Was really sad because I loved him so much but he just didn't wanna do it anymore and it stressed me out and the more upset I got about it the less he would even talk about it. So yeh. A healthy sex life is a shared requirement, you both should either want to do it, do it occasionally or are happy not doing it. I wanted to do it and he didn't want to and it frustrated us both in the end. :(

Were you married?
 

beelzebozo

Jealous Bastard
Ecrofirt said:
The 'real' answer would probably be my son.

The other equally likely answer is that I'm not going to lose half of my fucking shit in a divorce. Fuck that.

i'm very sorry to hear this. it seriously makes me really damn sad. were i in your position, i'd be candid with my wife about the situation and count my losses, but in that position you would know much better than i what was the correct course of action.

regardless, best of luck to you.
 
Ecrofirt said:
The 'real' answer would probably be my son.

The other equally likely answer is that I'm not going to lose half of my fucking shit in a divorce. Fuck that.

You wouldn't necessarily have to if you could make the argument that she's emotionally and physically isolated you.

If it's as bad as you say, you need to realize the very real fact that you could get destroyed in divorce court if she were to file first even if it's truly her fault. Divorce court is pretty damned biased in favor of women unless the woman is just a total fuckup.
 

bengraven

Member
I know some women who lost their libidos due to Marena and other implants.

I don't recommend those to anyone.

That said, if a woman loses her libido due to a medical procedure, especially a procedure after you have had children, I can't see a man being looked at as the "good guy" for leaving his wife.
 
bengraven said:
I know some women who lost their libidos due to Marena and other implants.

I don't recommend those to anyone.

That said, if a woman loses her libido due to a medical procedure, especially a procedure after you have had children, I can't see a man being looked at as the "good guy" for leaving his wife.

In that case, should she be ok with opening up the marriage or making him suffer for life?
 

LosDaddie

Banned
Ecrofirt said:
The wife and I don't have sex.

Of course, we don't sleep in the same room, either..

I would fix that.
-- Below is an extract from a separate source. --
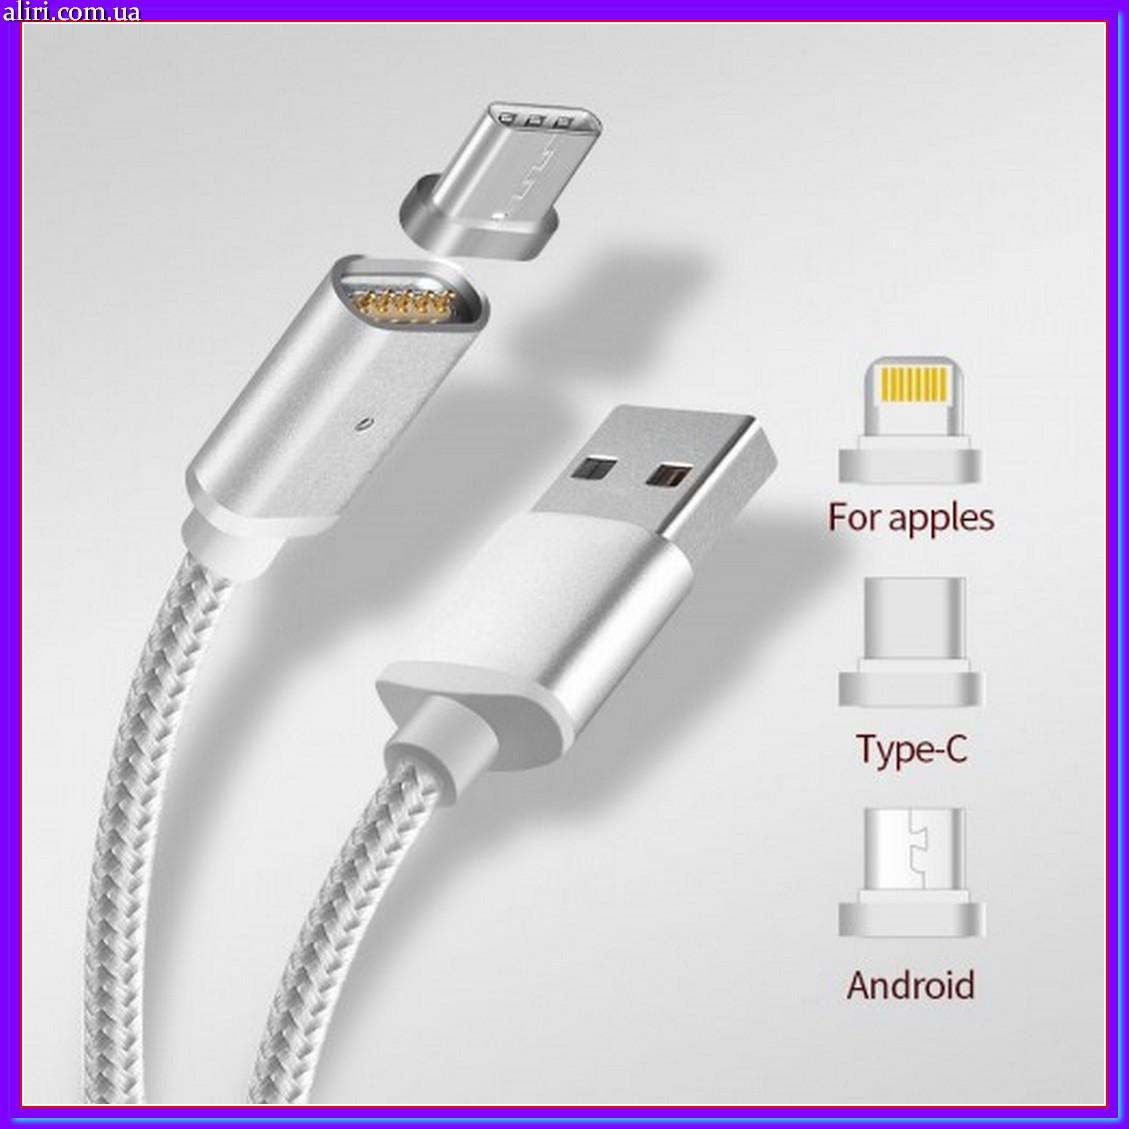 Магнитный кабель 3в1 для зарядки Android, Iphone, Type C
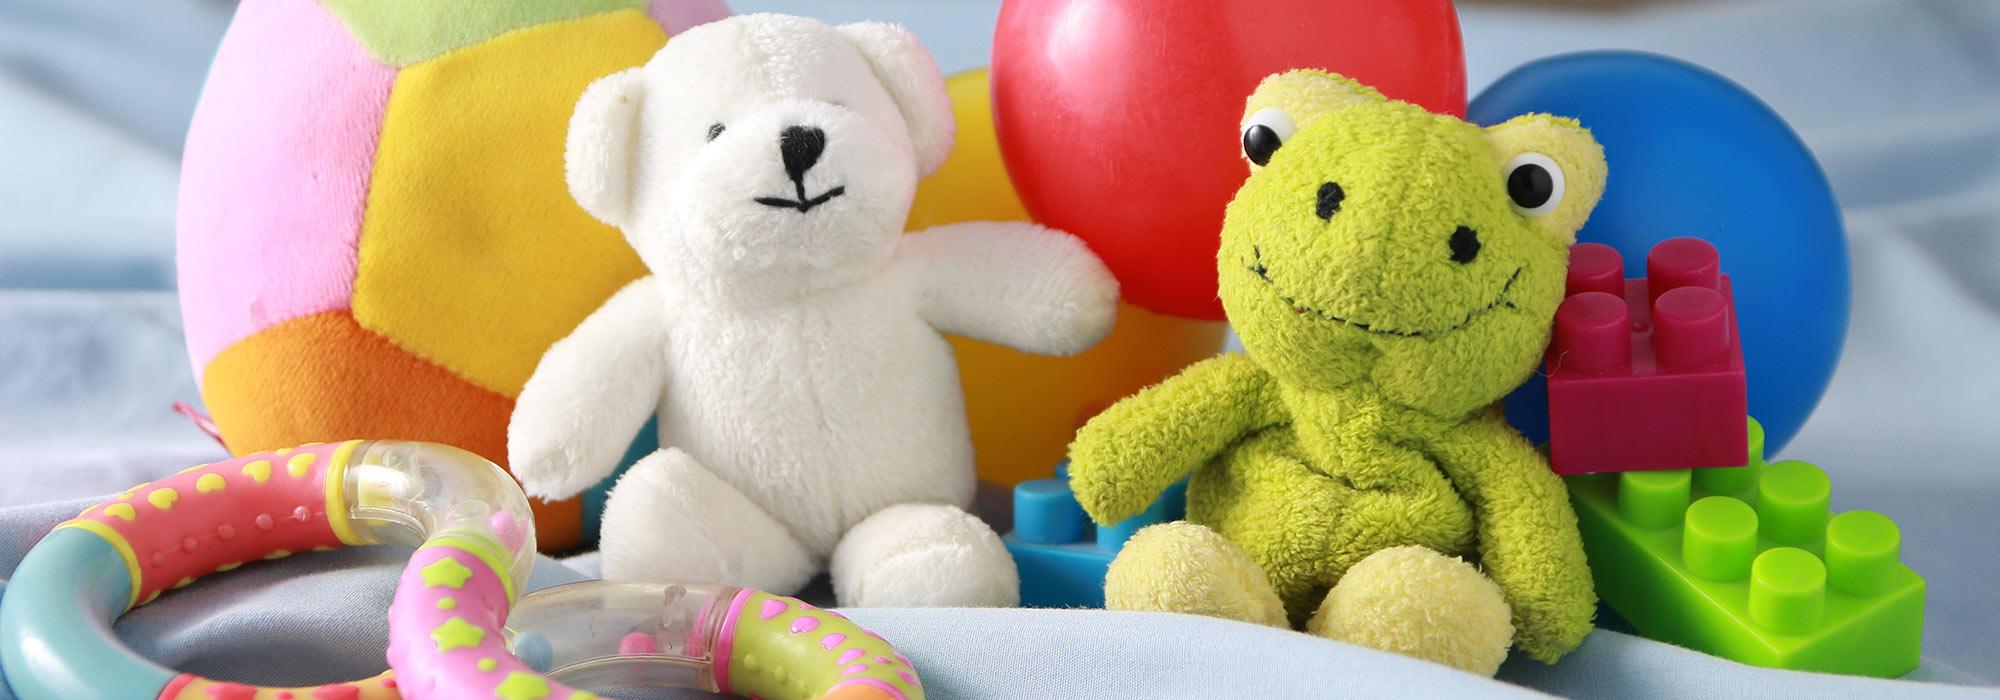 kids-world-babyspielzeug

I mean, unless you don't want to sleep in the same bed as her.

Is your son young, and sleeping in the same bed?
 

Famassu

Member
Utako said:
[edit] Divorce is not an option if children are involved. As a divorce child, I will not fuck anyone else over like that.
It's better to have happy parents who are divorced than to have parents that resent each other but stay together "for the good of the children." Edit: I mean, children aren't stupid, children are usually quite good at picking up those kind of "vibes" (they might not understand it, but they might still know something is wrong and perhaps even blame themselves of it, especially if the parents argue a lot and the subject of _the children_ comes up in those arguments). And children should get a good model of a healthy relationship from their parents. If they don't love each other and stay together just because they "have to", then that might cause some problem with the childrens' love lives too, especially if they see their parents act coldly towards each other.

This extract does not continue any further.